Gossamer Wing

American Copper
Pictures: Fotolia |


Family Lycaenidae

Gossamer wings encompass over 4,700 species worldwide. This family group includes coppers, hairstreaks and blues. They are known for their symbiotic, and at times predatory, relationship with ants. As caterpillars, gossamers excrete a sugary liquid through specialized glands that ants enjoy. In return defenseless caterpillars are protected from predators. At times, however, caterpillars will turn on their defenders and attack ant mounds.

American Copper
Pictures: Fotolia |


Lycaena phlaeas

Butterfly Spotting: As it name suggests, the upper side of the forewings of this butterfly are copper. The hindwings are gray to black with a distinctive orange band along the bottom edge. The underside is gray. Seasonal temperatures can create variations in color.

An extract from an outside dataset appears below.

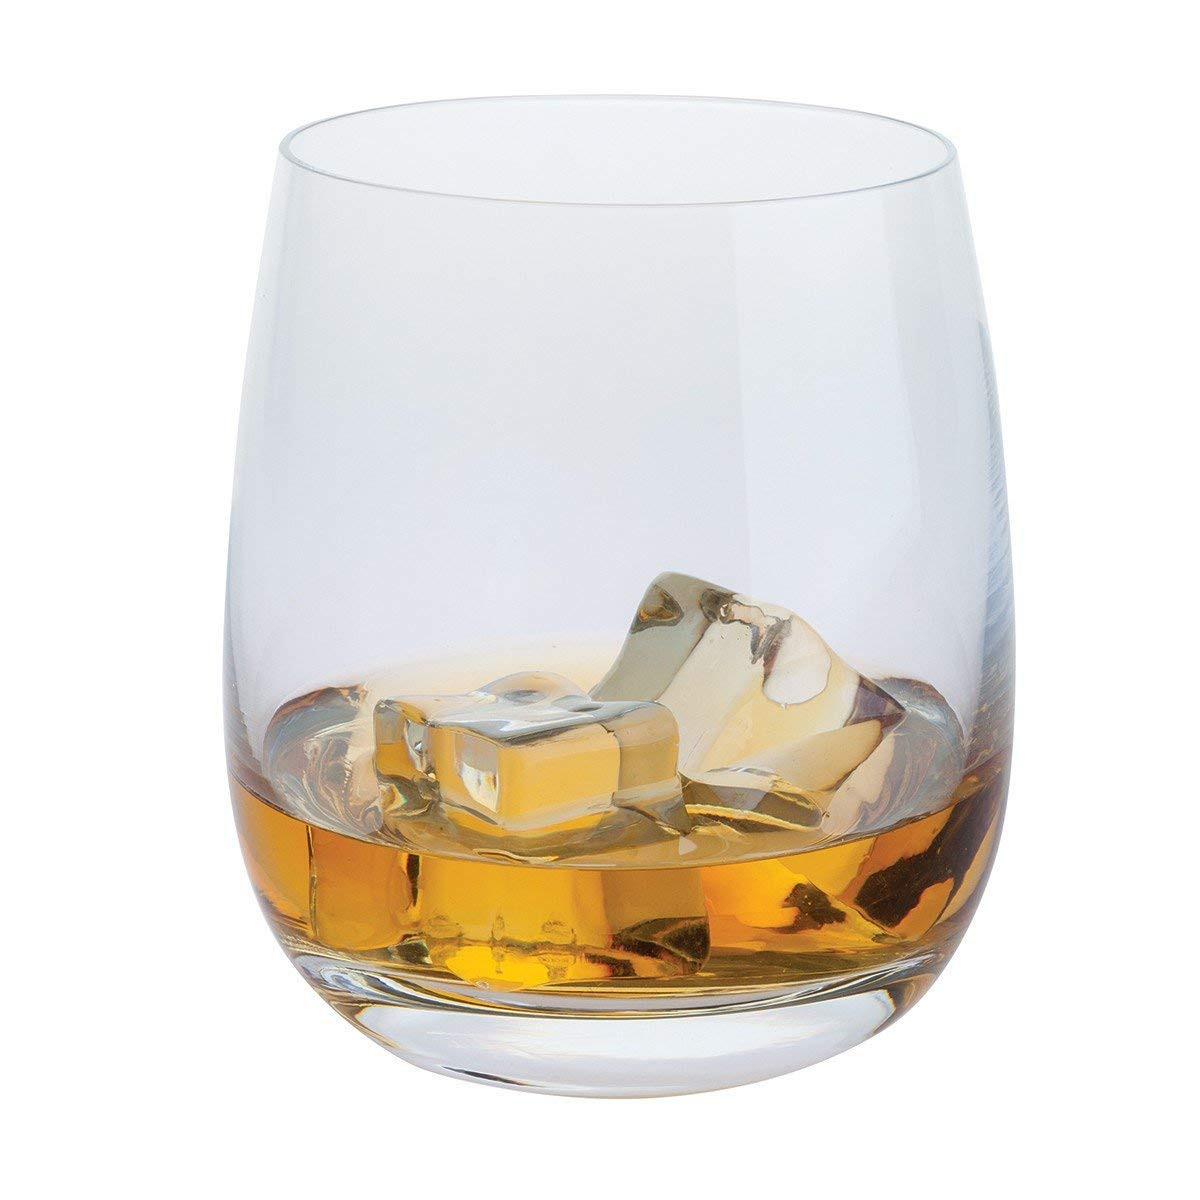 14 Stylish Rcr Crystal Vase 2024 free download rcr crystal vase of dartington crystal triple tipple tumbler brandy highball drinking regarding explore and appreciate the world of fine spirits with this great three glass selection

Backyard Tips: To attract the American copper to your garden try planting buttercup, butterflyweed, clover, yarrow and ox-eye daisy.

Banded Hairstreak
Pictures: Getty iStockphoto |


Satyrium calanus

Butterfly Spotting: Small and quick, the hairstreak group of butterflies are named for their hairlike tails. The banded hairstreak is dark brown. Two rows of black dashes outlined in white decorate the underside of the hindwings.

Backyard Tip: Although the banded hairstreak prefers milkweed, other plants such as dogbane, chinquapin, dogwood, New Jersey tea, meadowsweet, staghorn sumac, white sweet clover and yarrow can also make up its menu.

Gray Hairstreak
Pictures: Getty Images |


Strymon melinus

Butterfly Spotting: The upper side of the gray hairstreak is slate-gray. One large red spot sits on its hindwing near the hairlike tail. The underside is gray. Along its forewings and hindwings is a dark broken band outlined in white.

Backyard Tip: This butterfly enjoys nectar from a variety of flowers and plants including dogbane, milkweed, mint, wintercress and goldenrod.

Spring Azure
Pictures: iStockphoto |


Celastrina ladon

Butterfly Spotting: This petite early-spring butterfly is a member of the blues family. Summer broods and spring broods show color variations. For the male, spring coloring is a deep silvery-blue while summer butterflies are more violet-blue. Females have a coal-black border along their forewing and are slate-gray below in the spring. Summer finds the female much whiter with a black border on the forewing above and below a pale white with faint markings.

Backyard Tip: To attract spring azures to your garden try planting dogbane, privet, New Jersey tea, blackberry or milkweed.